# [COLLECTED MATERIAL]
==================================================
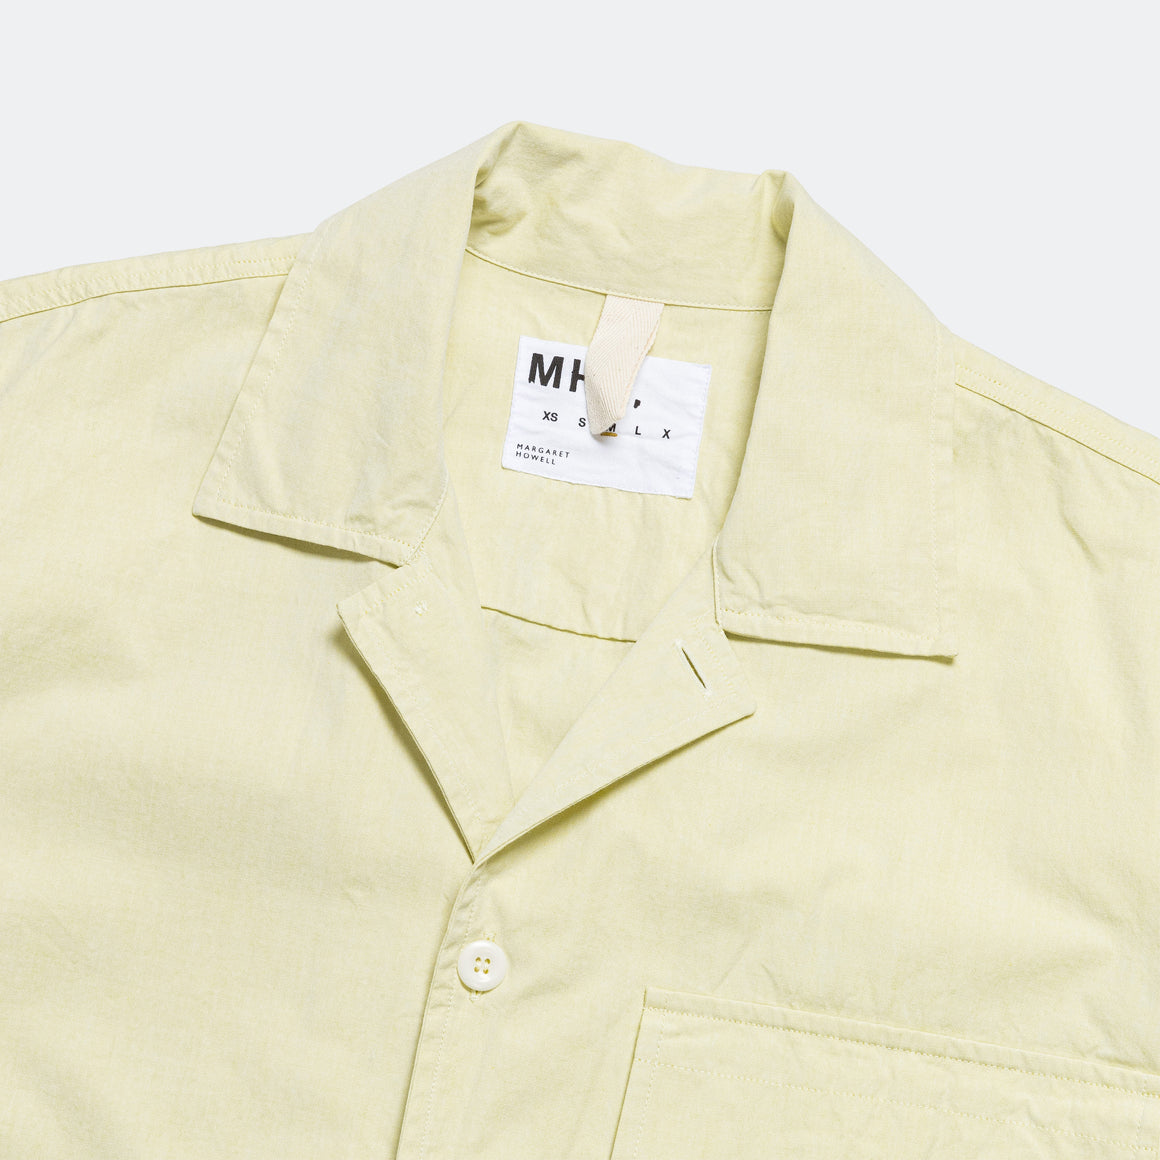 S/S Flap Pocket Shirt - Pale Yellow Yarn Dye Cotton Canvas (LCP)
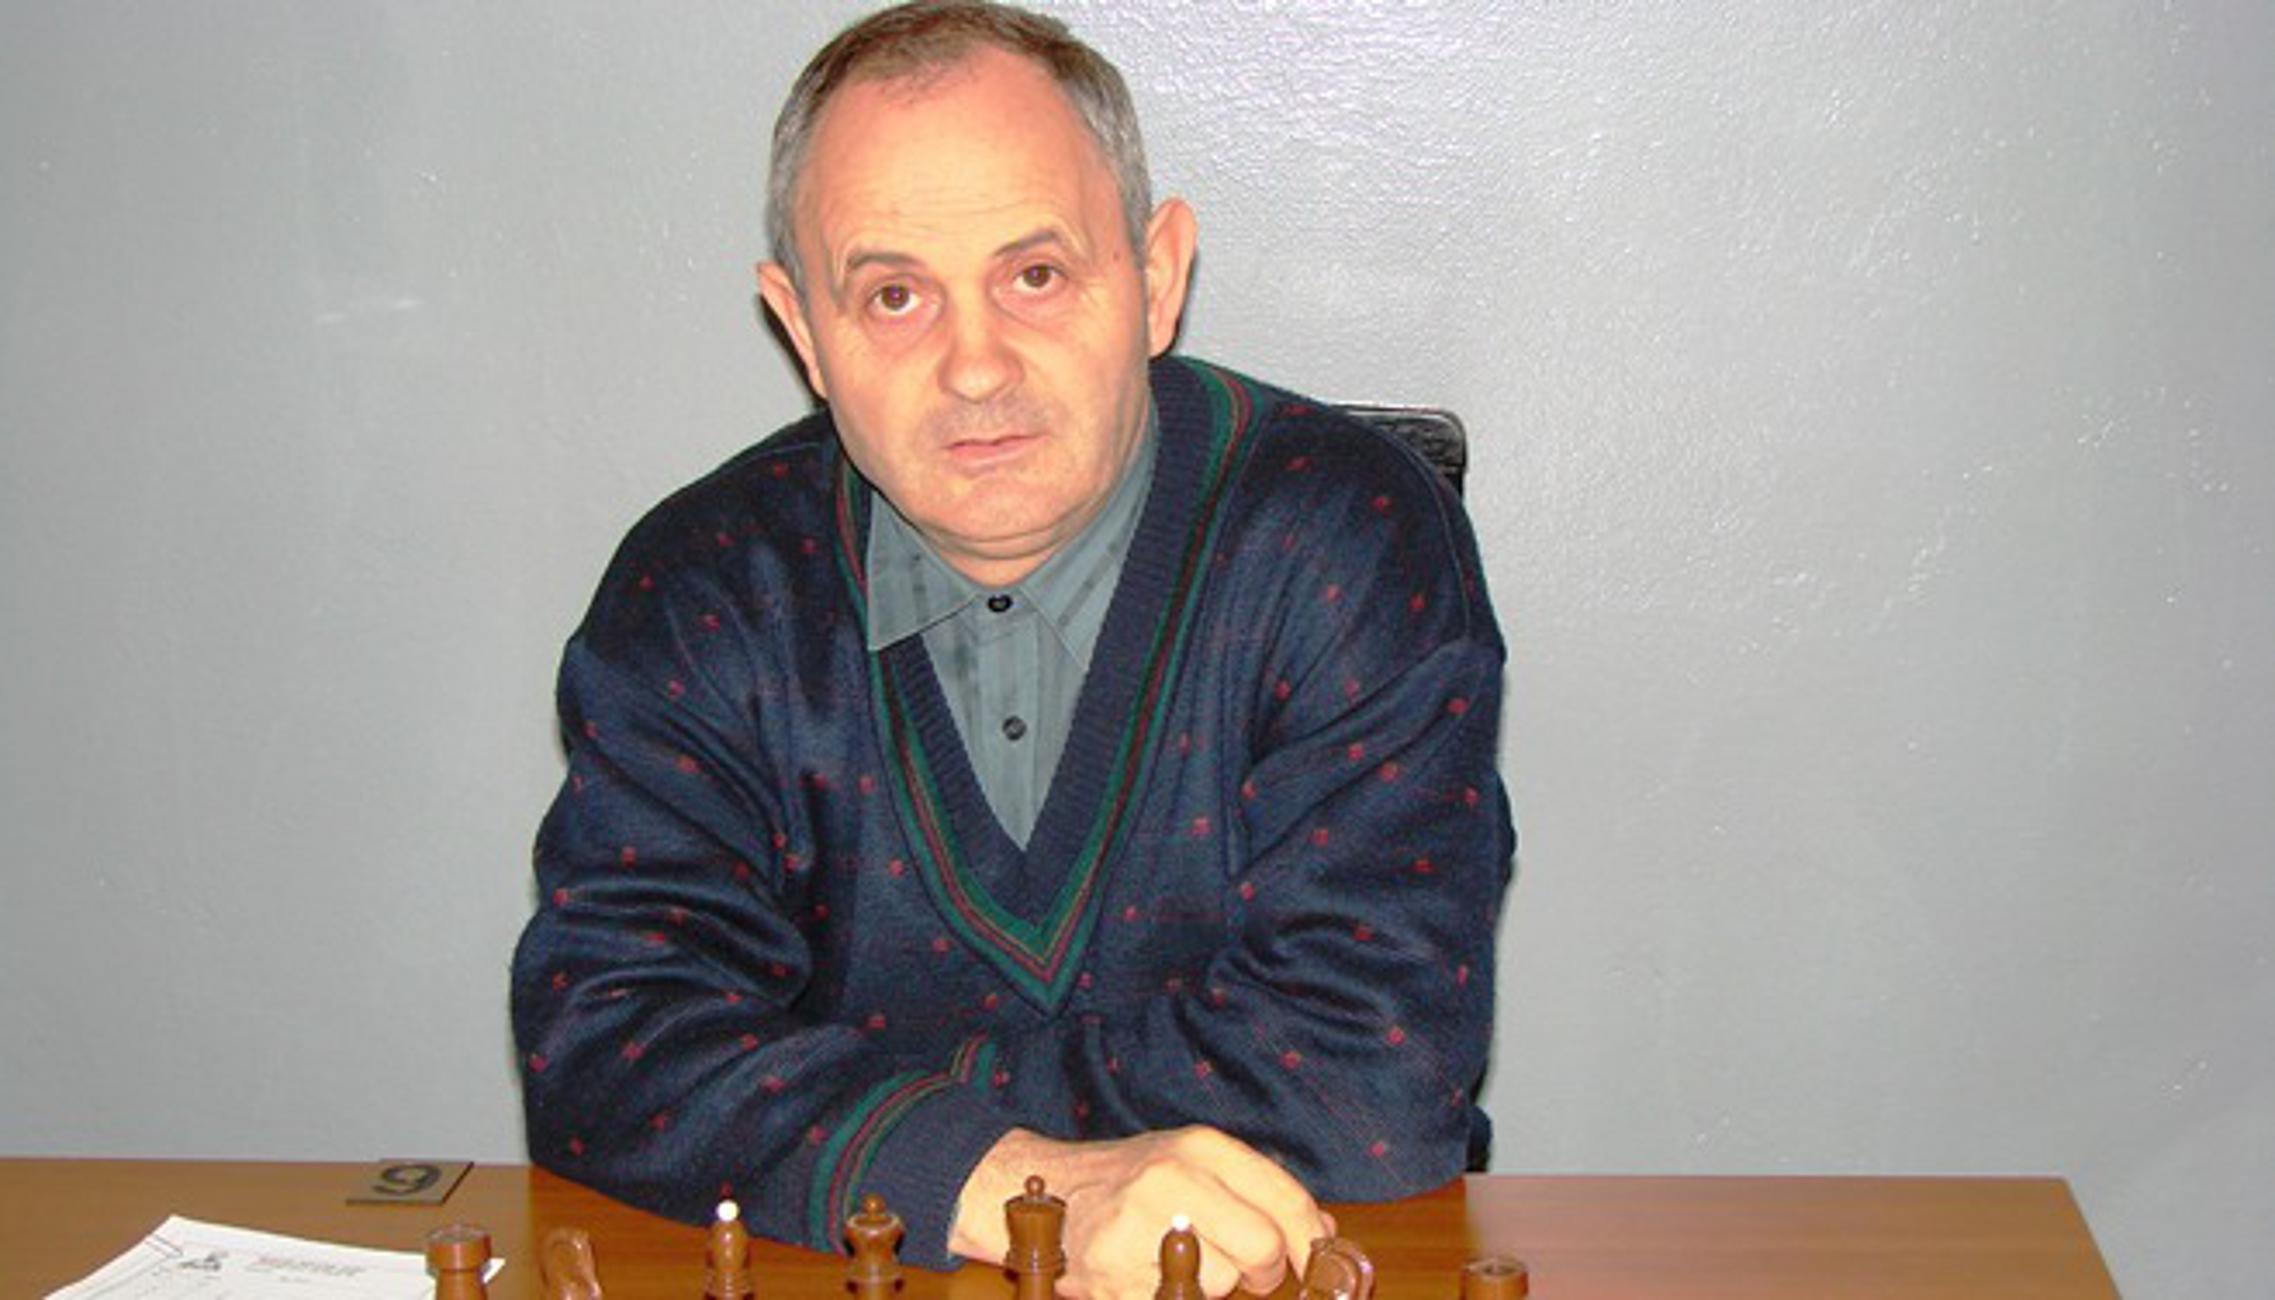 Branko Pekarik
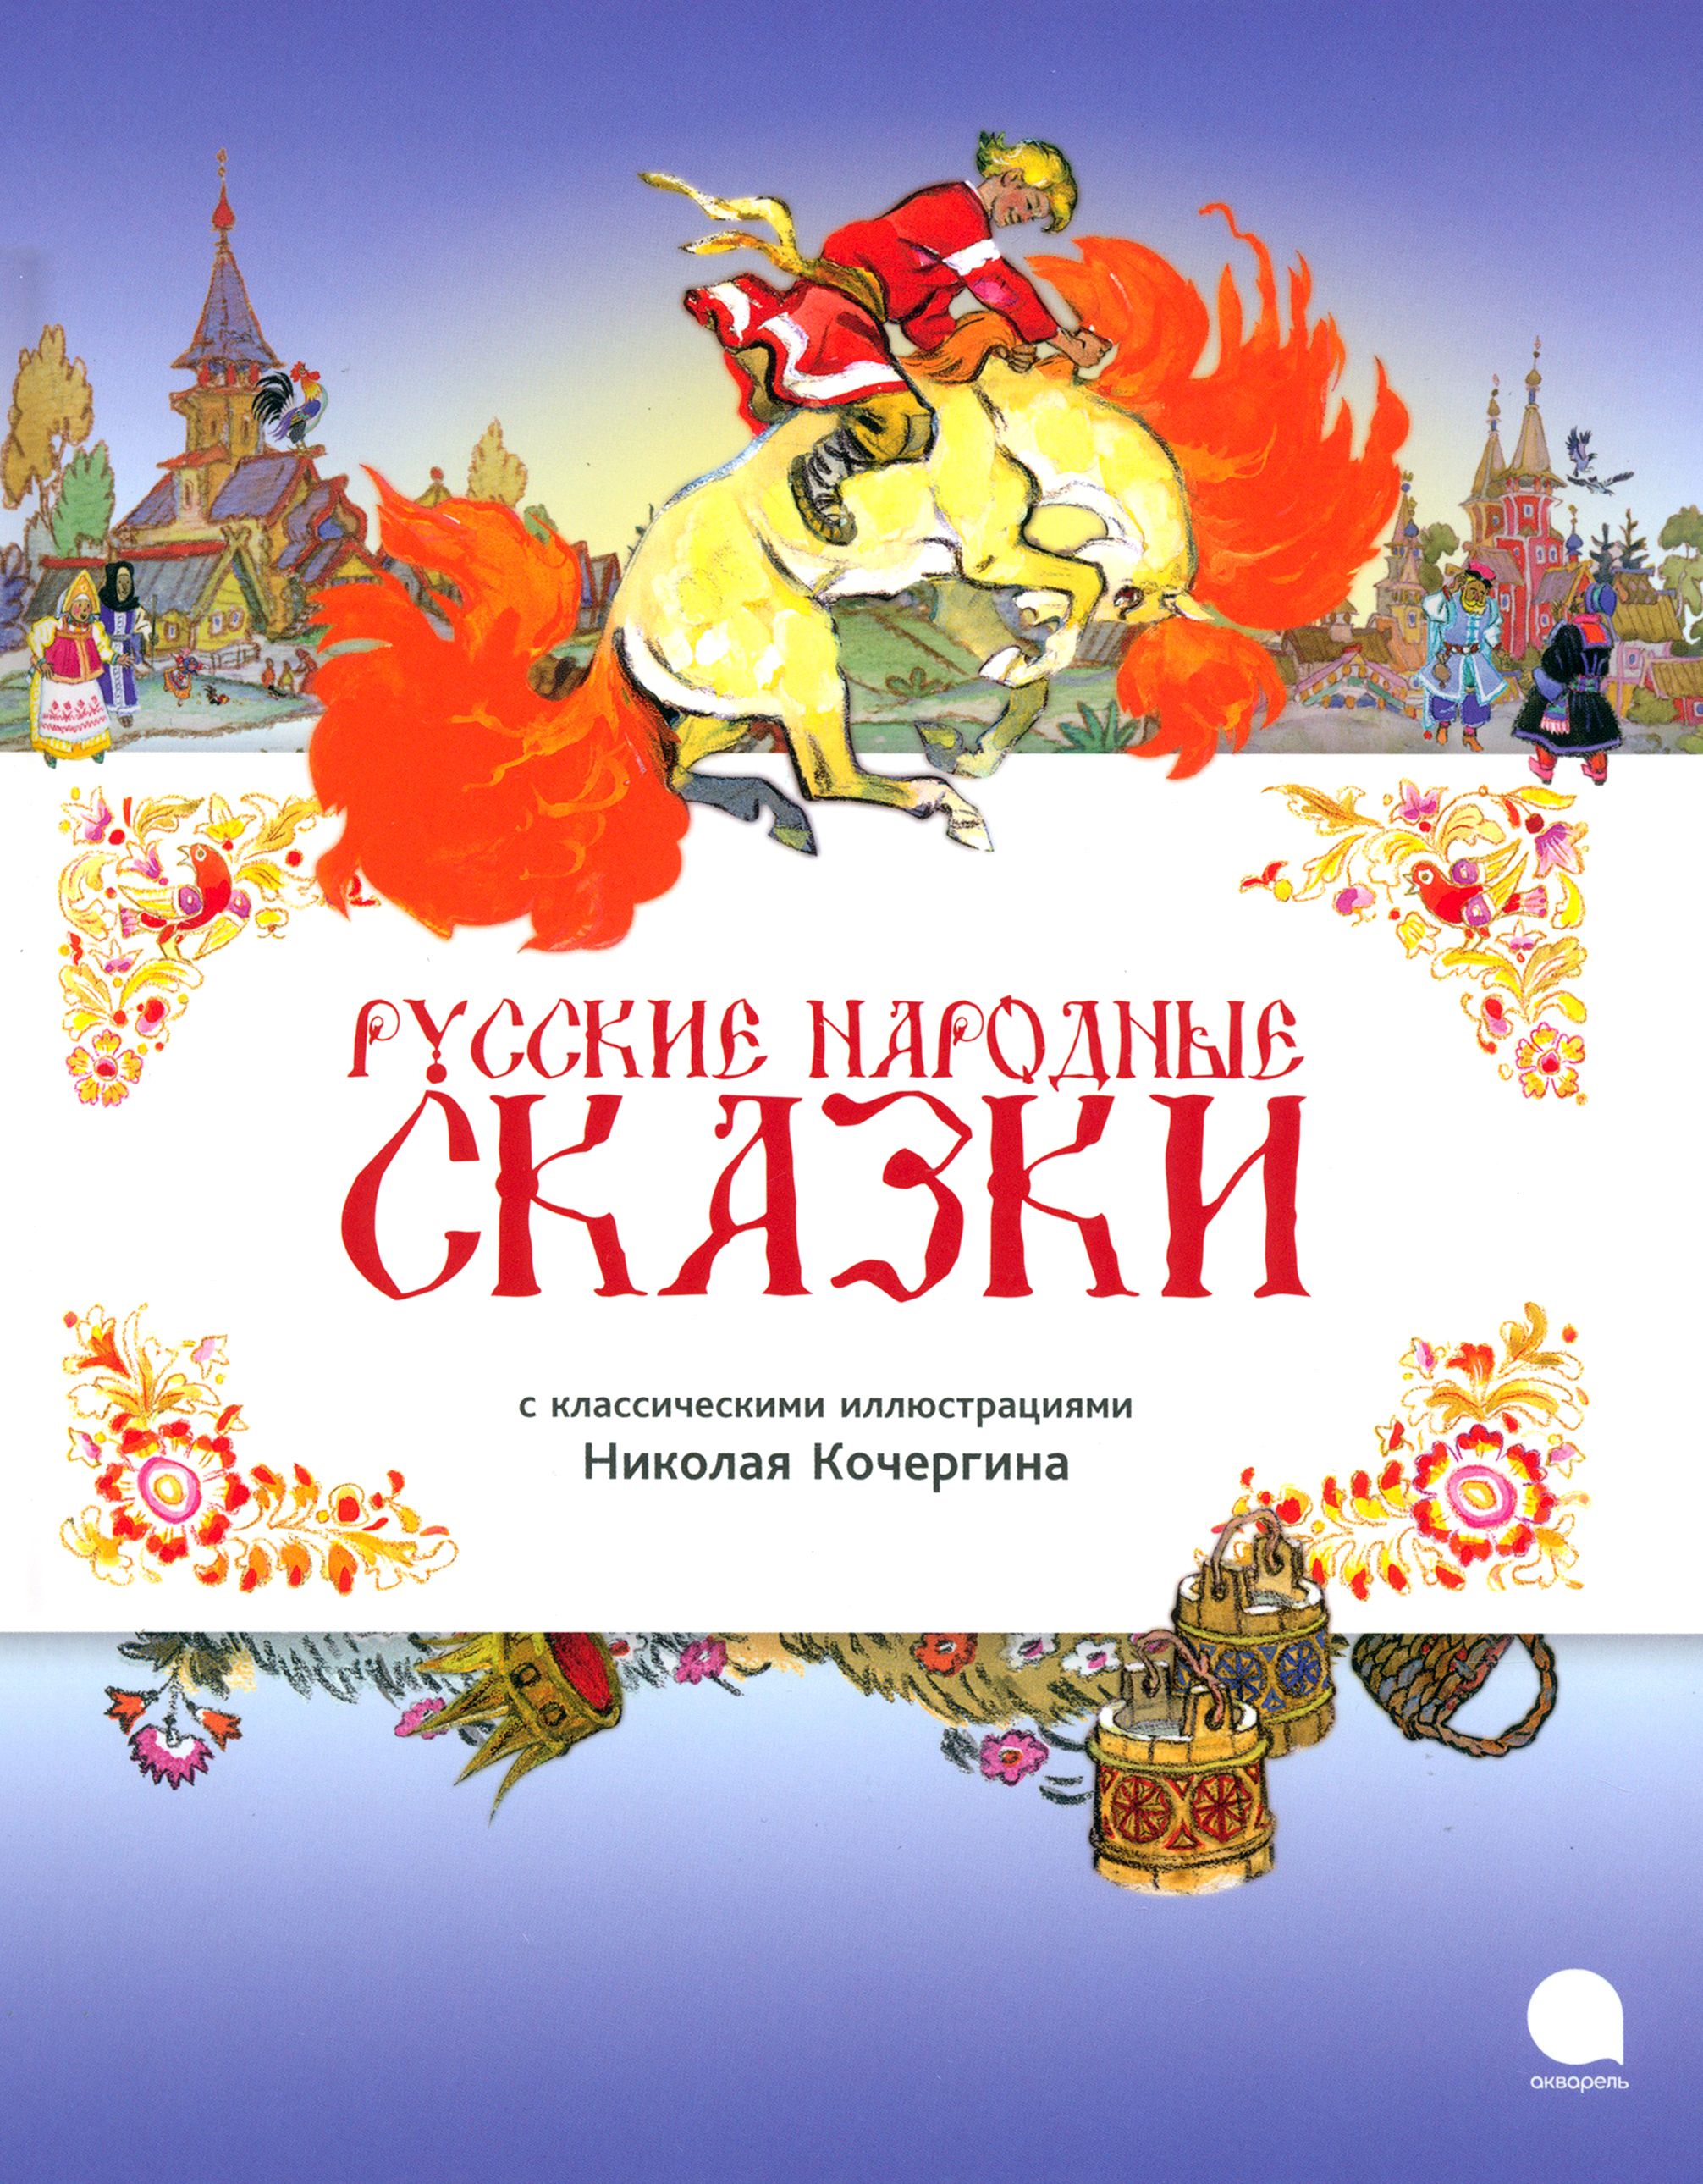 Книга про русские народные сказки
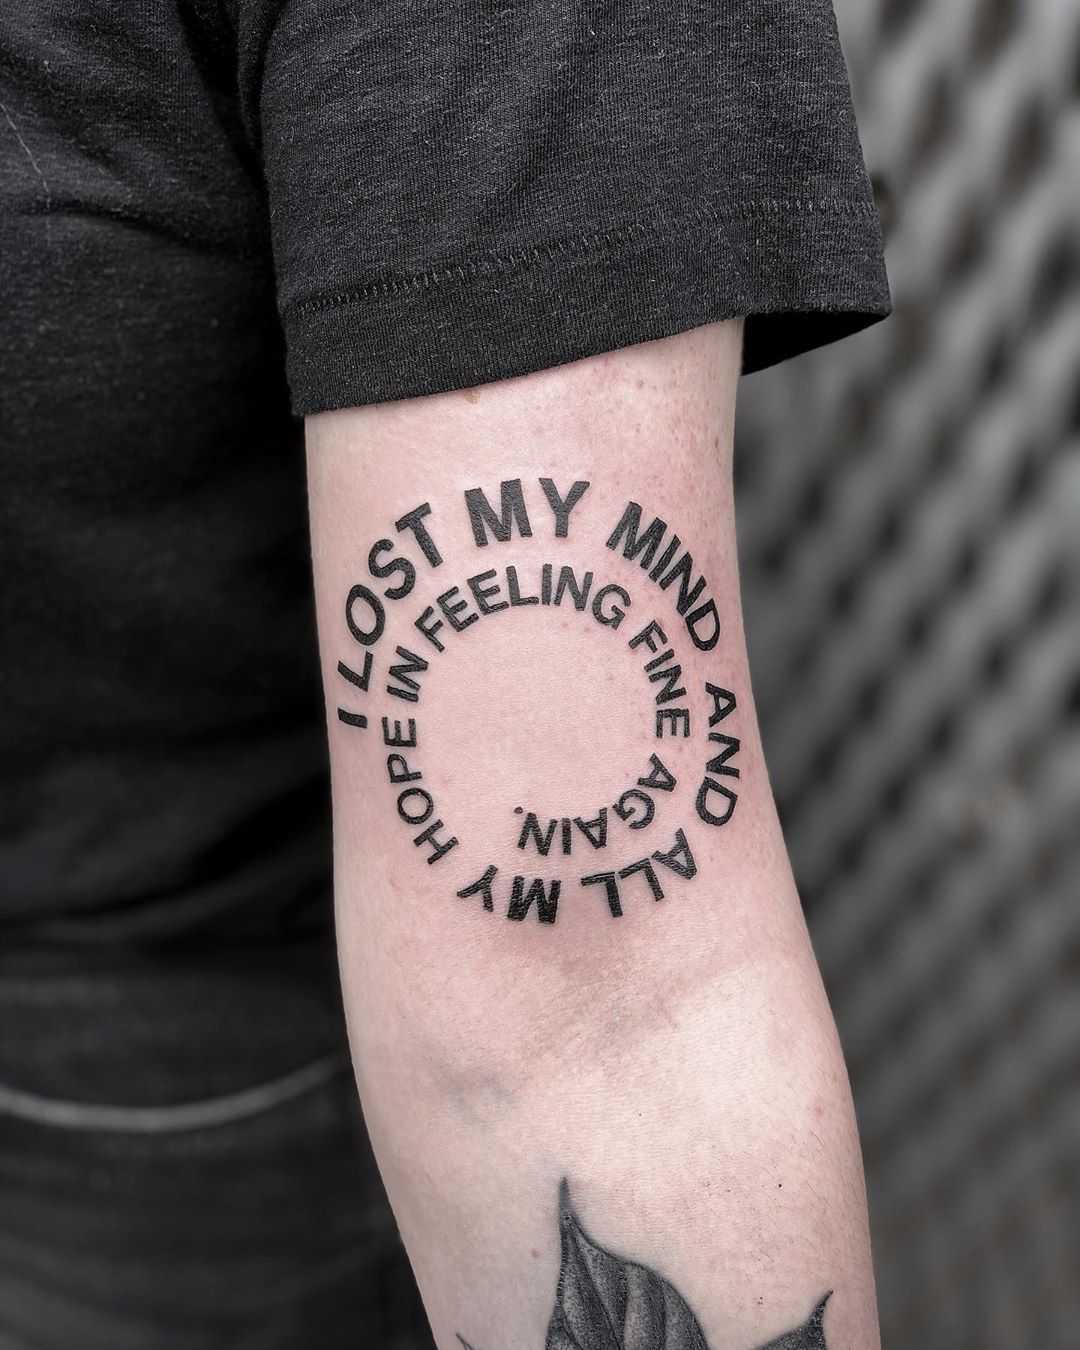 I lost my mind tattoo by Loz McLean
==================================================
# [TASK BRIEF]
Pictures do not go in the copy. Write out exactly the lines from the line containing "Книга про русские народные сказки" through the last line of the listing.

# [WORKED SOLUTION]
 Книга про русские народные сказки
 I lost my mind tattoo by Loz McLean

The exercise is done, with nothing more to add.